I am studying the first chapter of L. O. Arkeryd et. al: Nonstandard Analysis. Theory and Applications.
There it is shown that for the multiset $(\mathbb{X}, \mathcal{P}(\mathbb{X}))$ it is possible to find a nonstandard extension $(^*\mathbb{X}, {^*\mathcal{P}(\mathbb{X})})$ satisfying $\mathbb{X}\subset{^*\mathbb{X}}$ and ${^*\mathcal{P}(\mathbb{X})} \subset \mathcal{P}({^*\mathbb{X}})$. From thereon, it is always assumed that the considered nonstandard extension is of this form.
Recall that a subset of $^*\mathbb{X}$ is called internal if it is also an element of $^*\mathcal{P}(\mathbb{X})$.

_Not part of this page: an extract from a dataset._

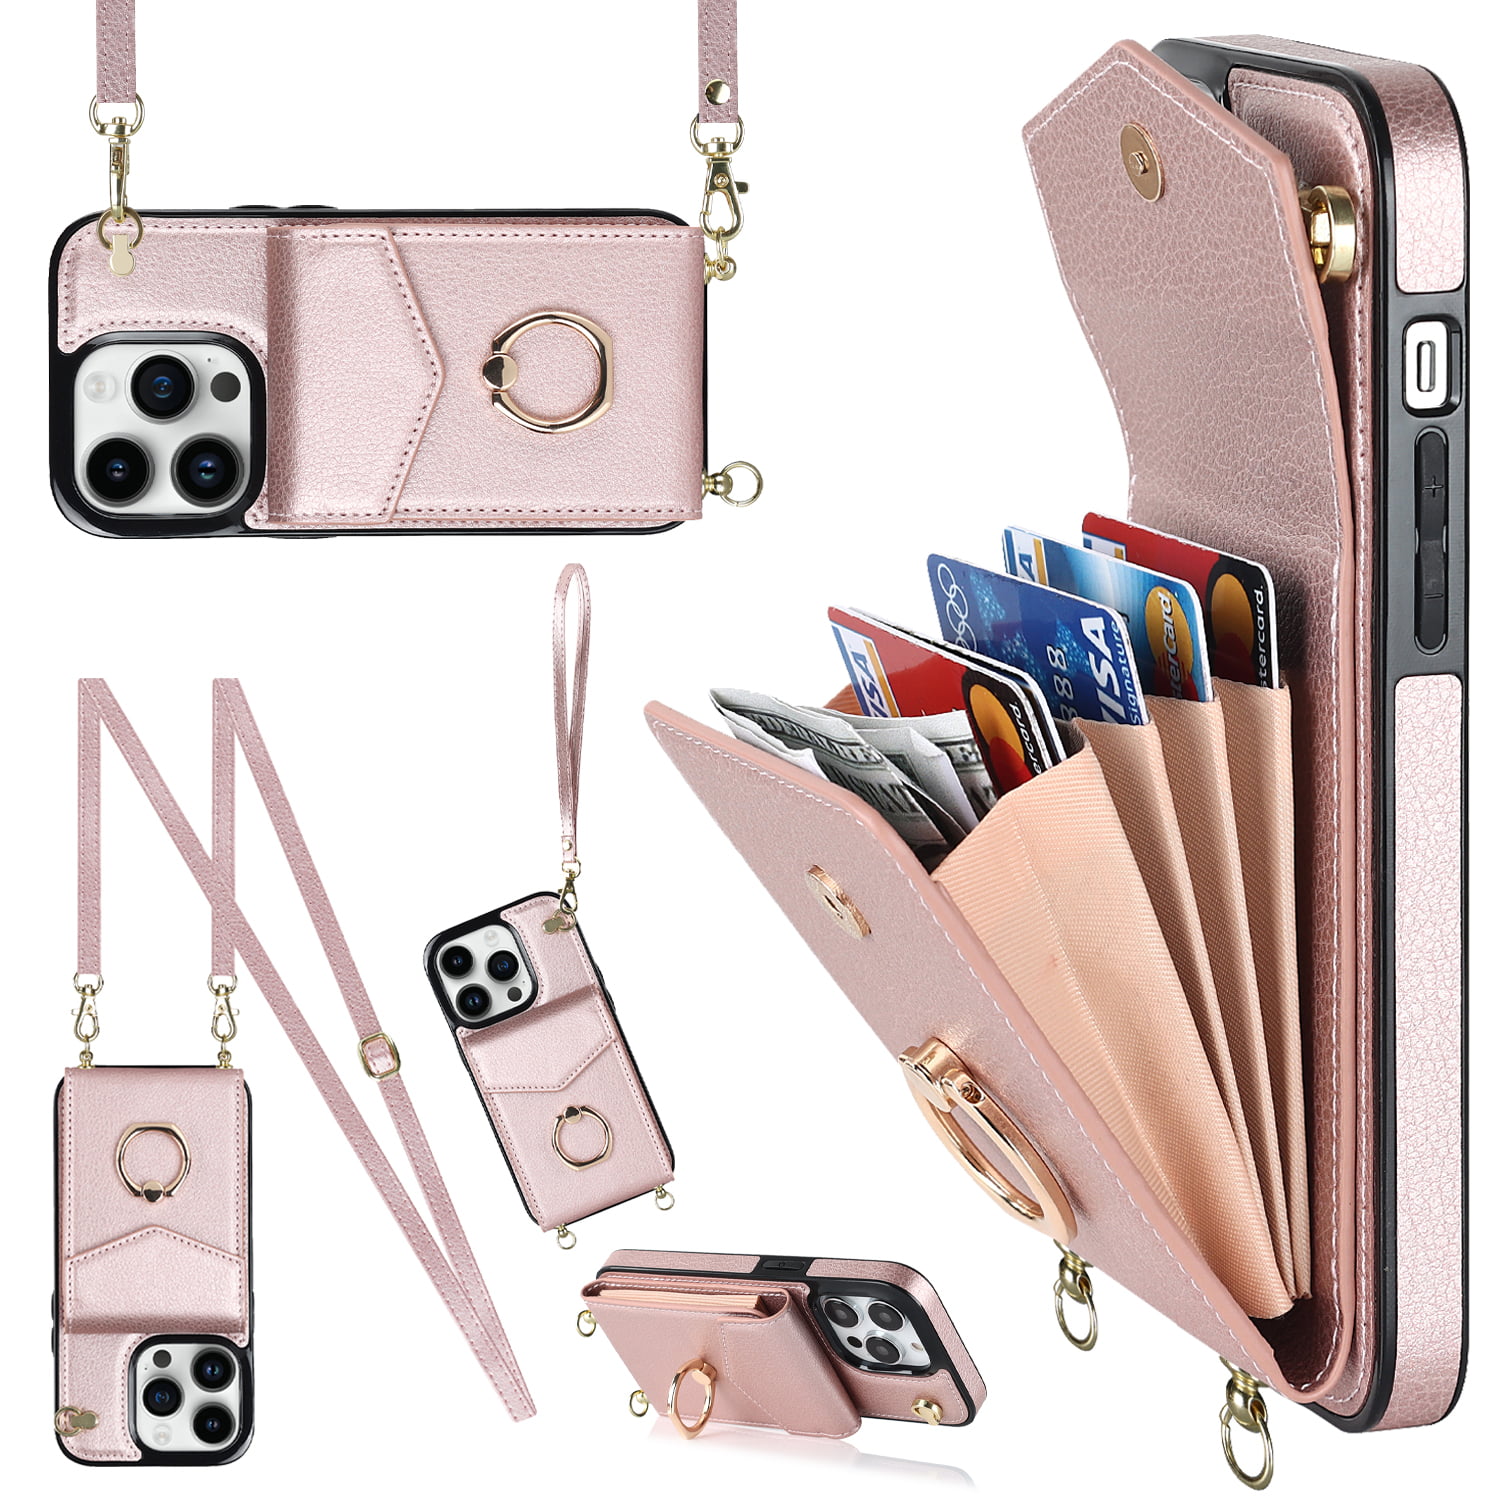 Nalacover Wallet Case for iPhone 12 Pro Max, PU Leather Shoulder Strap  Lanyard Crossbody Back Card Slot Bag Magnetic Cover with RFID Blocking Ring  Holder Kickstand Soft TPU Bumper Case,Rosegold

In Exercise 5.5 one should show that every standard element of $^*\mathcal{P}(\mathbb{X})$ is an internal subset. This confuses me, since under the above assumption it looks like every element of $^*\mathcal{P}(\mathbb{X})$ is an internal subset. I also see how to show that every standard element of $^*\mathcal{P}(\mathbb{X})$ is an internal subset without the above assumption.
Basically my question is the following: Am I missing something here, i.e. under the assumption $^*\mathcal{P}(\mathbb{X})\subset \mathcal{P}(^*\mathbb{X})$ can there be an element of $^*\mathcal{P}(\mathbb{X})$ which is not an internal subset?